Major IT hubs, including Bengaluru, Chennai and Pune, companies such as Infosys, HCLTech, TCS and Cognizant have scaled back on-campus food services as commercial LPG supplies tighten.

At Infosys, live cooking counters have been shut, with menus reduced to items that require minimal or no gas-based cooking.

“Most of the hot food is gone,” said a software engineer at Infosys’ Bengaluru campus. “You either get something very basic or you carry food from home.” Cognizant has gone a step further, informally encouraging employees to adopt a “bring your own food” approach, as part of contingency planning around fuel shortages.

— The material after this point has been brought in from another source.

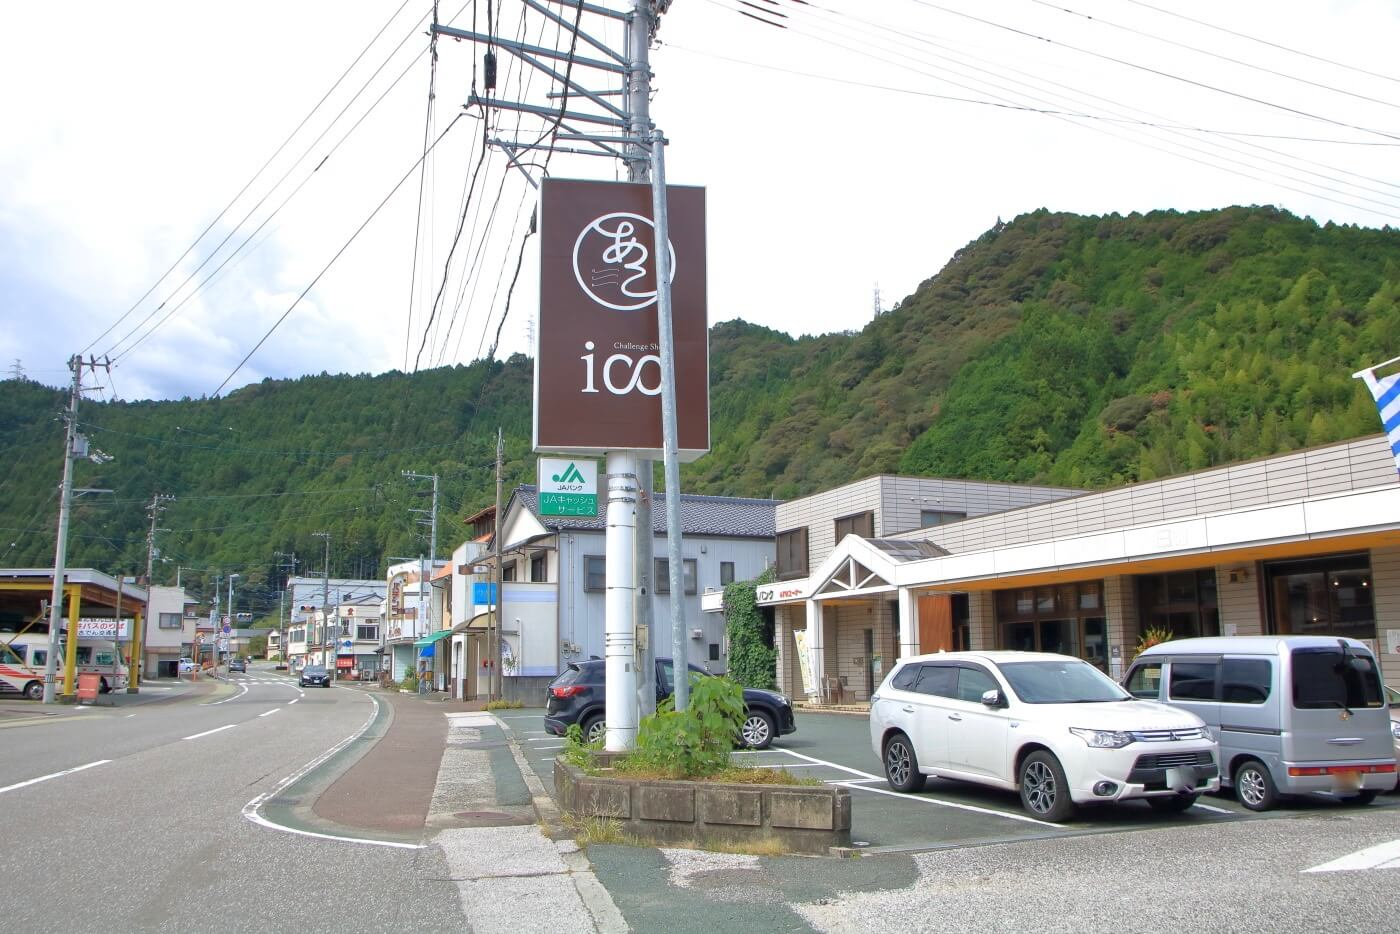 高知県土佐町のラーメン店 Monk 外観
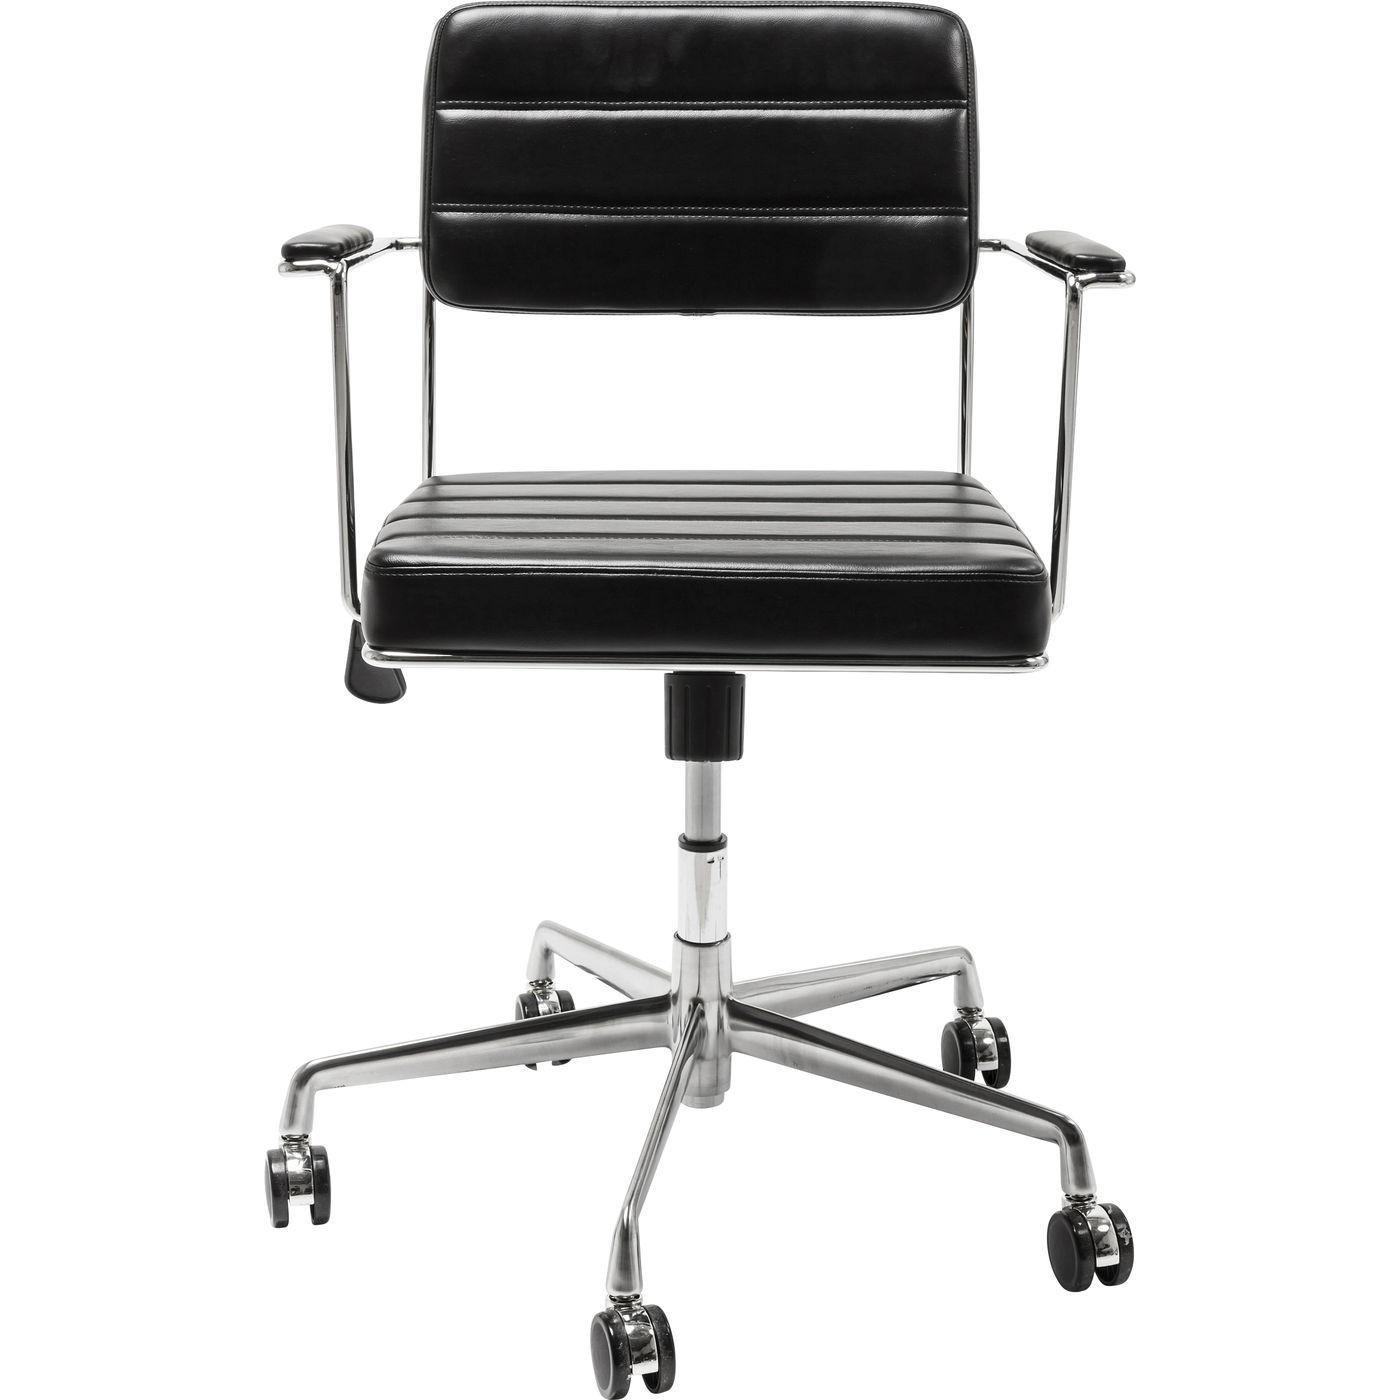 Chaise de bureau réglable à roulettes noire et acier chromé

At TCS and Wipro campuses, employees report that cafeteria offerings have been reduced to limited rice-based meals and pre-prepared items.

The disruption has, in some cases, extended beyond food. One of the major IT companies temporarily asked employees at its Chennai facility to work from home after cafeteria vendors were unable to operate due to a lack of LPG supply.

Vendors under pressure

The immediate stress point lies not within IT firms themselves, but in their vendor ecosystem.

Corporate cafeterias, which rely heavily on commercial LPG cylinders, have struggled to maintain operations as supplies are diverted towards households.

“Kitchen vendors are the worst hit,” said Narayana Rao, a facilities executive working with IT parks in Bengaluru. “They don’t have the scale or backup systems to switch fuels quickly. So menus shrink, or operations pause.”

Some companies are attempting to adapt by shifting to electric cooking appliances or sourcing food from external kitchens that rely less on LPG, Rao said.

The broader LPG crisis has been driven by supply disruptions through key global routes, particularly the Strait of Hormuz, leading the government to prioritise household consumption over commercial use.

For the IT sector, this has translated into inconvenience rather than crisis.